Дверь в комнату Джеммы была заперта, она сидела под одеялом с альбомом на коленях. Комната была ее единственным убежищем, только там она могла спокойно побыть наедине с собой, и это напоминало возвращение из долгого тяжелого путешествия. На обратной стороне еще одного маминого портрета она снова нарисовала колодец и глумливо хохочущего гоблина и написала все, что он ей сказал. Затем она нарисовала оберег в виде руки матери, который вновь превращался в другую руку – красную правую руку правосудия.
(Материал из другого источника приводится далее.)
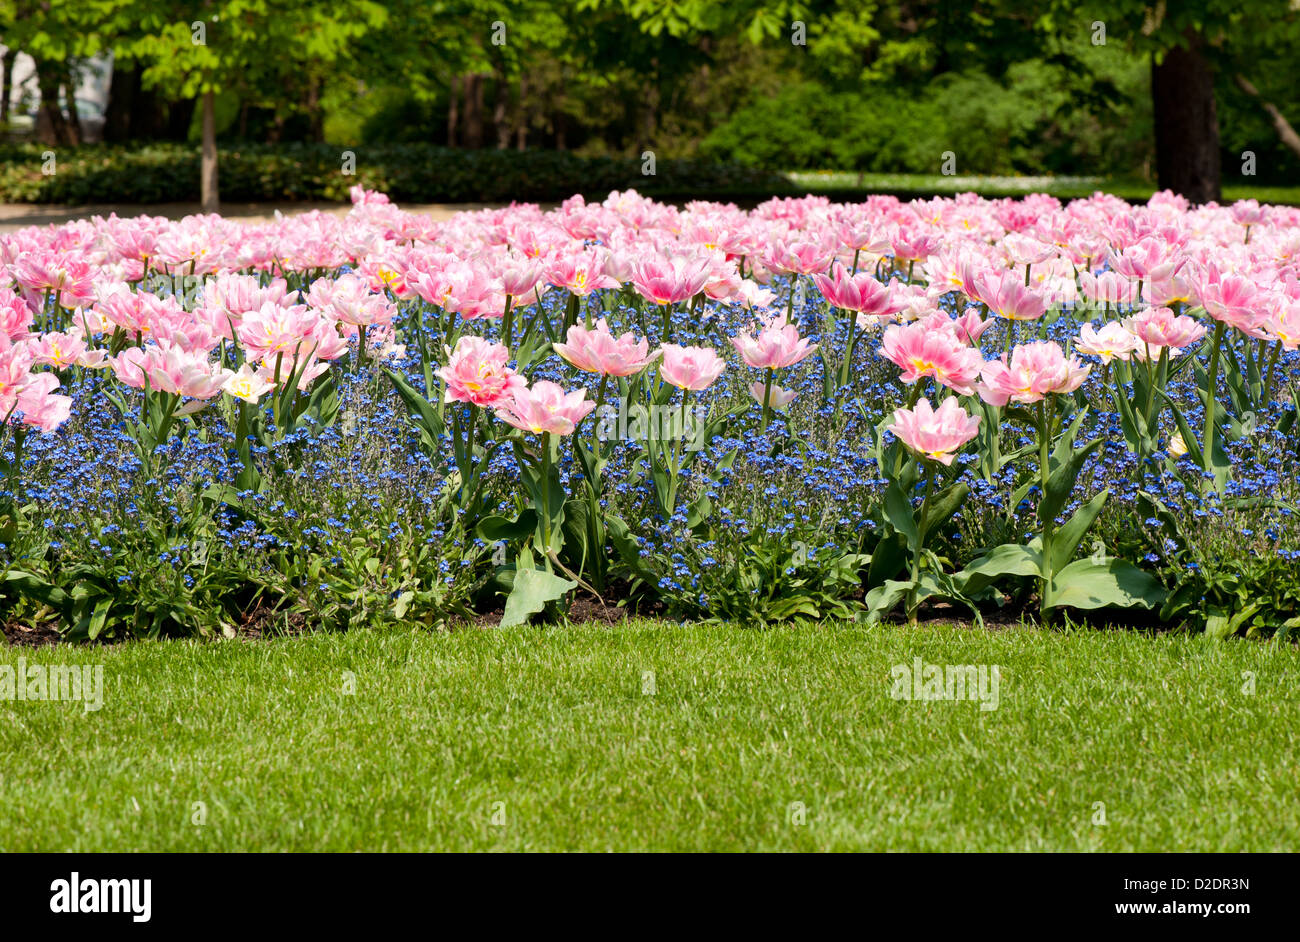 Foxtrot tulips and Myosotis called forget-me-not Stock Photo

Каждую ночь на обратной стороне очередного маминого портрета она снова и снова рисовала колодец, гоблина и красную руку. В одну из ночей она подрисовала к большому кулаку пропорциональное по размерам цилиндрической формы предплечье, а на следующем рисунке кулак с предплечьем уже крепились к локтю и огромному, как булыжник, бицепсу. На каждом удавшемся рисунке она добавляла всё новые детали. Руку она прикрепила к широкой груди. Под грудью изобразила мускулистые ноги, а из-за ног, извиваясь, появился хвост. Нарисовав хвост, она рассмеялась. Но перестала смеяться, когда принялась рисовать левую руку – эта рука была нормального размера. Джемма задумалась над тем, насколько он будет сильным. Он должен быть сильным. Затем пришел черед странного пальто. Его серая ткань вызвала у Джеммы усмешку: то ли от гордости за свою творческую изобретательность и мастерство, то ли от радости, что герой на этой странице выбрал такую одежду, потому что пальто указывало на то, кто он такой и кем может быть. Она невольно подумала, что пальто являлось доказательством того, какой он сильный, забавный, озорной – такой, как он, всегда одолжит Джемме денег для оплаты аренды в «Монополии».
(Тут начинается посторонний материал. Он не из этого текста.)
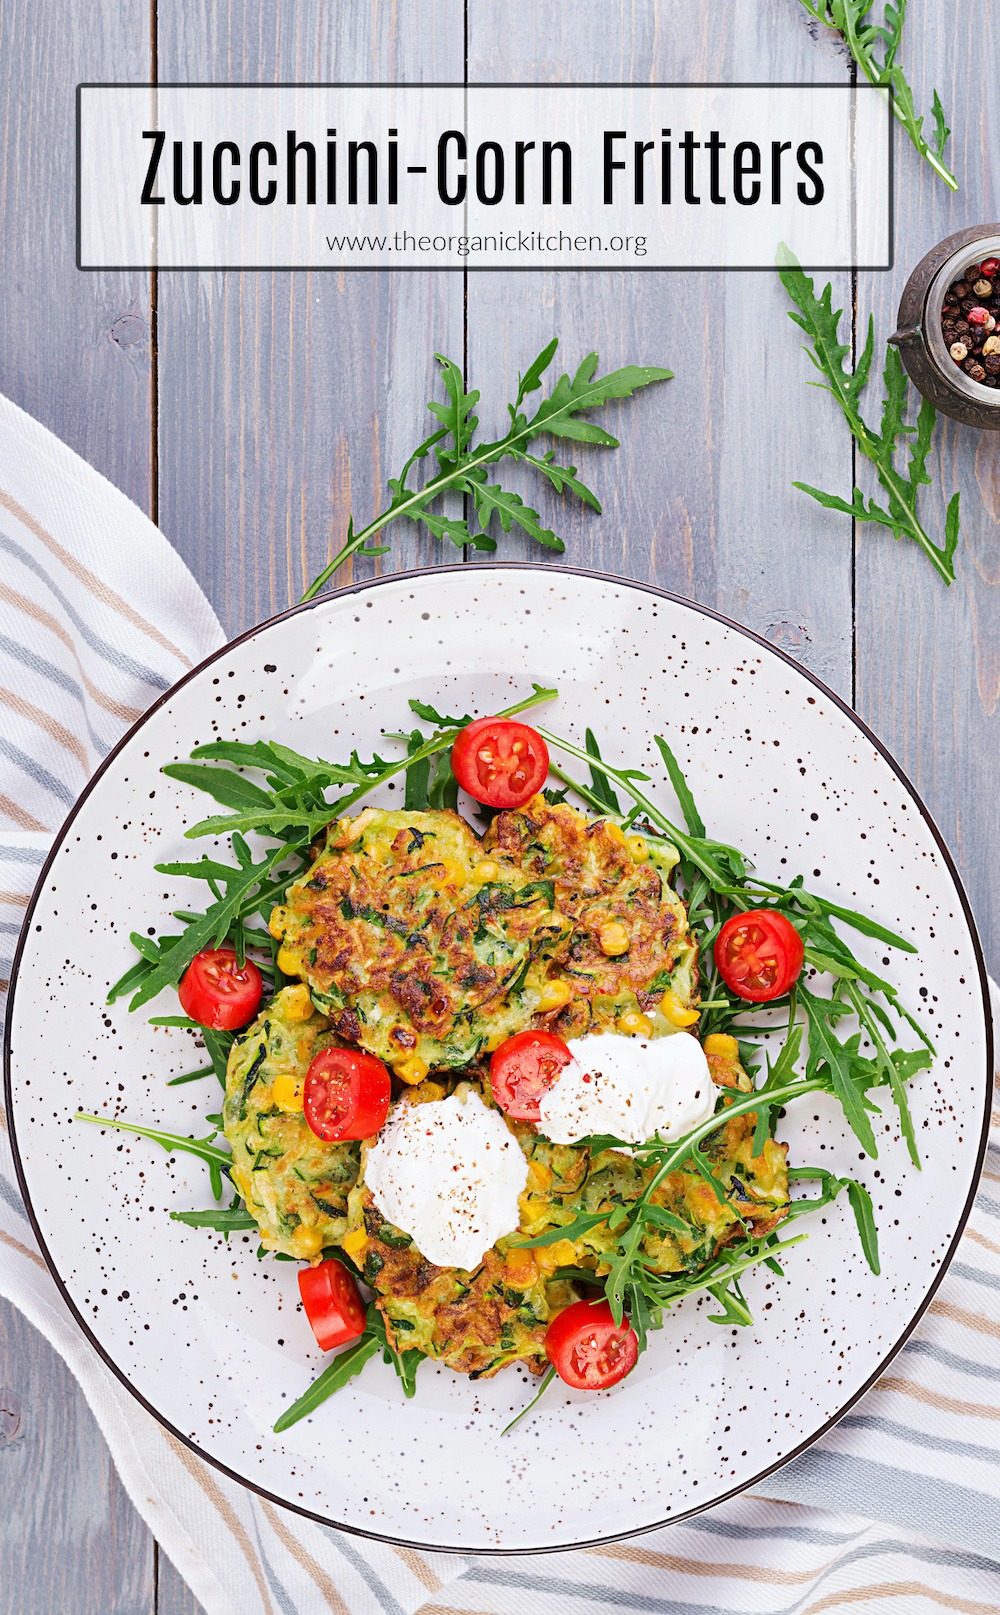 Six Zucchini-Corn Fritters on a black and white speckled plate set on a striped dish towel.

Однажды ночью она нарисовала ему голову и потратила целый час на то, чтобы у нее правильно получился вытянутый, чуть наклоненный овал, квадратный подбородок, который не умещается целиком на странице, лохматые бакенбарды (когда-то у ее отца были такие же – она видела на фотографиях, сделанных до ее рождения), желтые глаза, которые словно пронзительно-яркие прожекторы горят на красном лице, и круглые основания обломков рогов, которые смотрелись у него на лбу как очки. Джемме стало интересно, не было ли ему больно, когда он их сломал, и не болят ли они до сих пор.
Следующий день – суббота. Серый, холодный – такие дни часто бывают на севере Нью-Гэмпшира, когда календарь предательски склоняется на сторону теплых свитеров, пледов, а жалюзи закрывают сквозящие окна.
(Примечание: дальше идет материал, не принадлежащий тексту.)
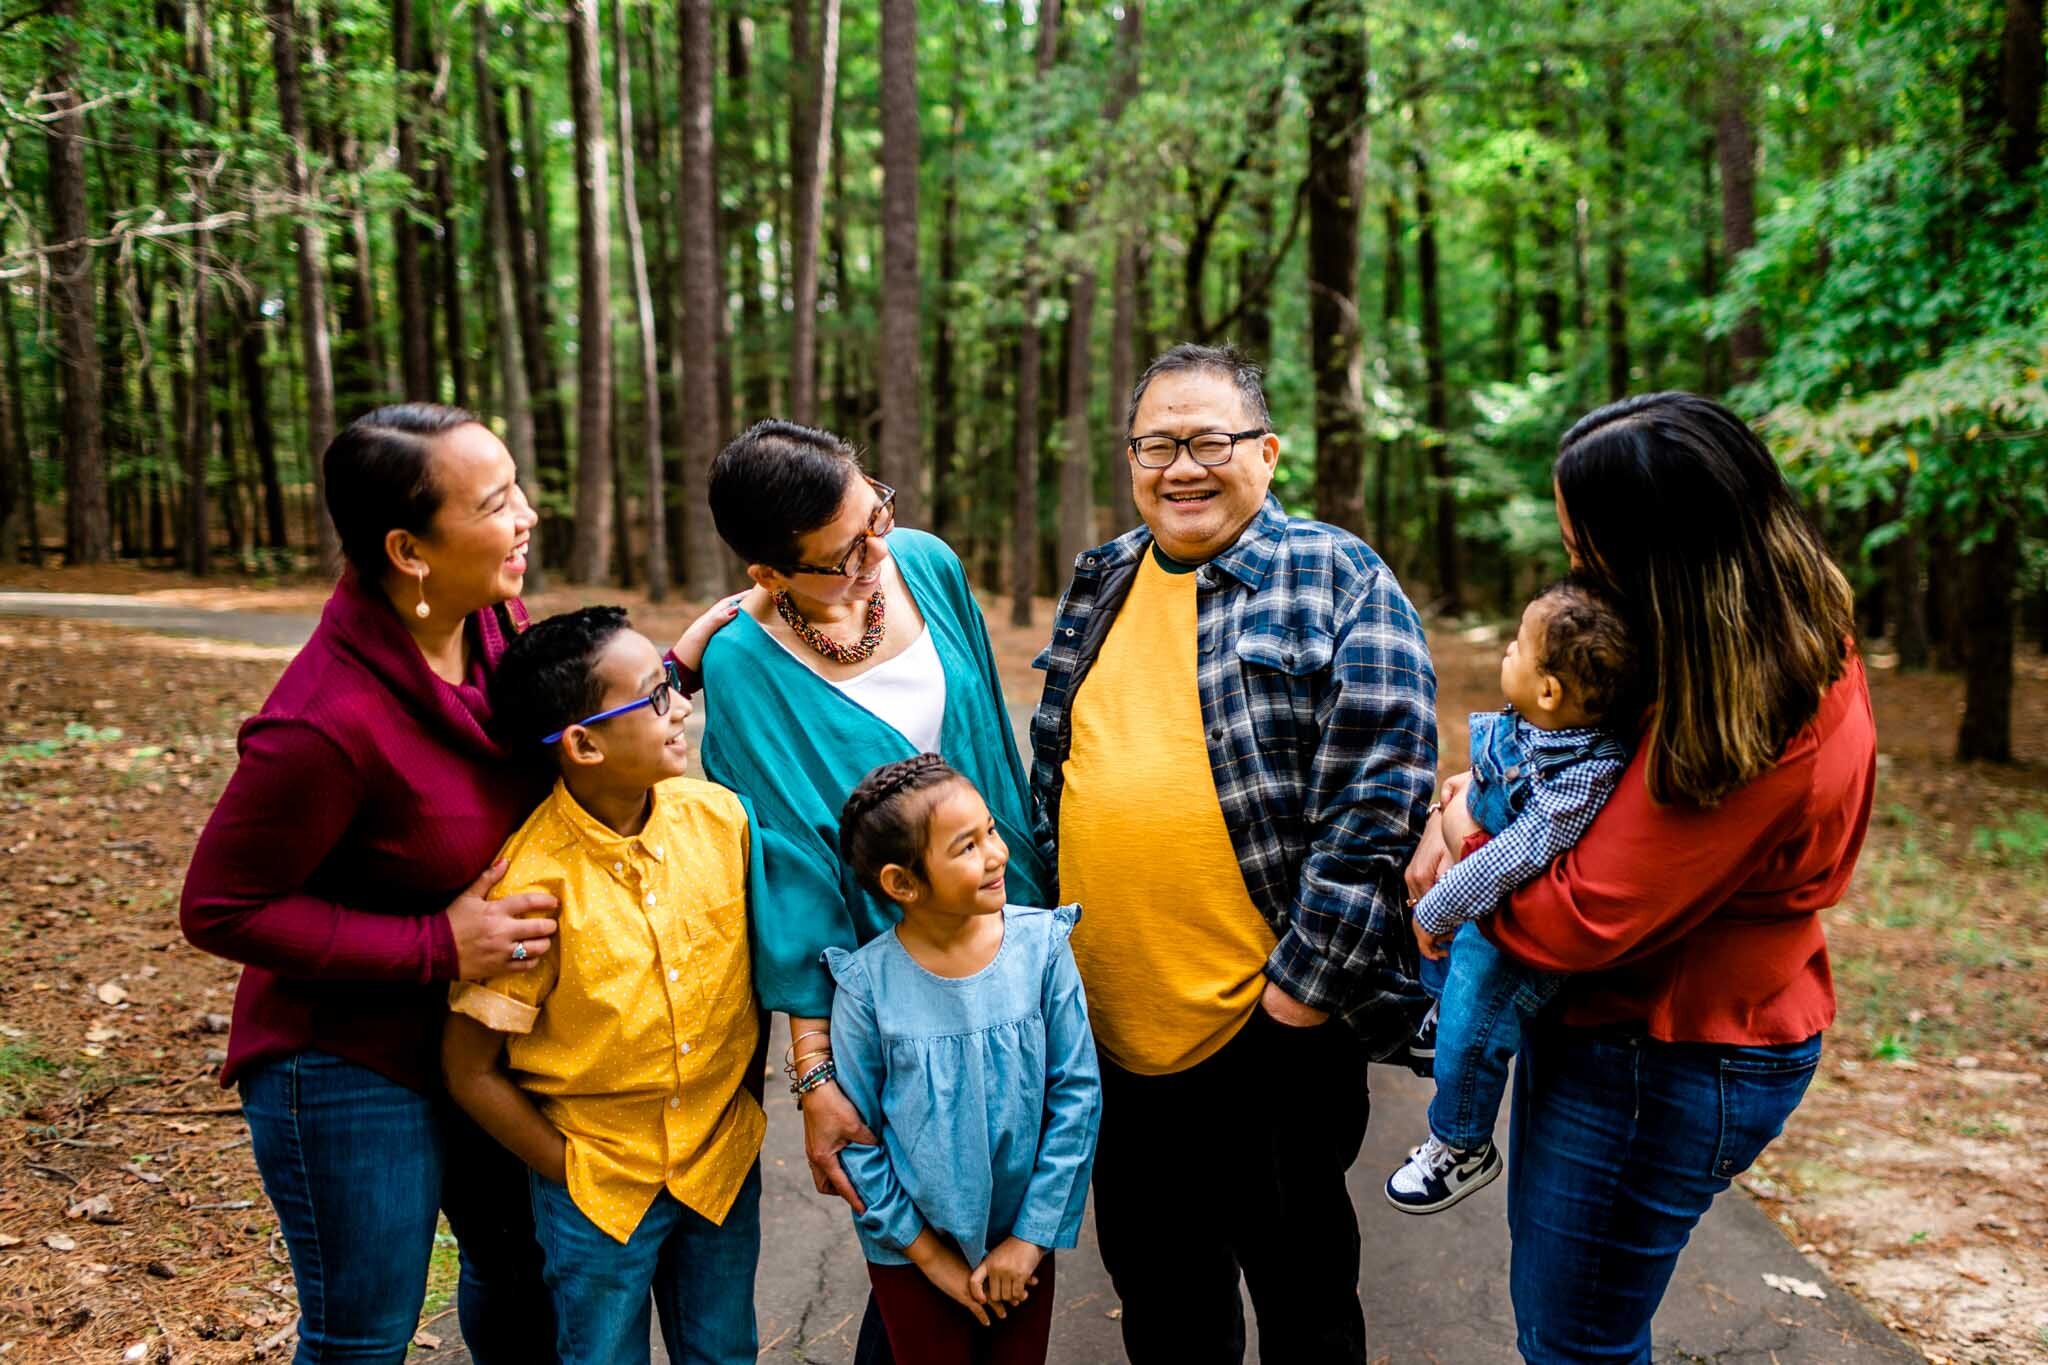 Raleigh Family Photographer | By G. Lin Photography | Umstead Park | Large group fall family photo outdoors

Мрачный отец явился к завтраку, хотя, если верить часам, время уже было скорее обеденное. Он бормотал себе что-то под нос и яростно хлопал ящиками и дверцами шкафчиков, словно сражался с этими неодушевленными противниками, а потом сделал себе два подгоревших тоста. Он встал над раковиной, согнулся, ссутулился, и стал жевать сухой тост, повернувшись спиной к Джемме.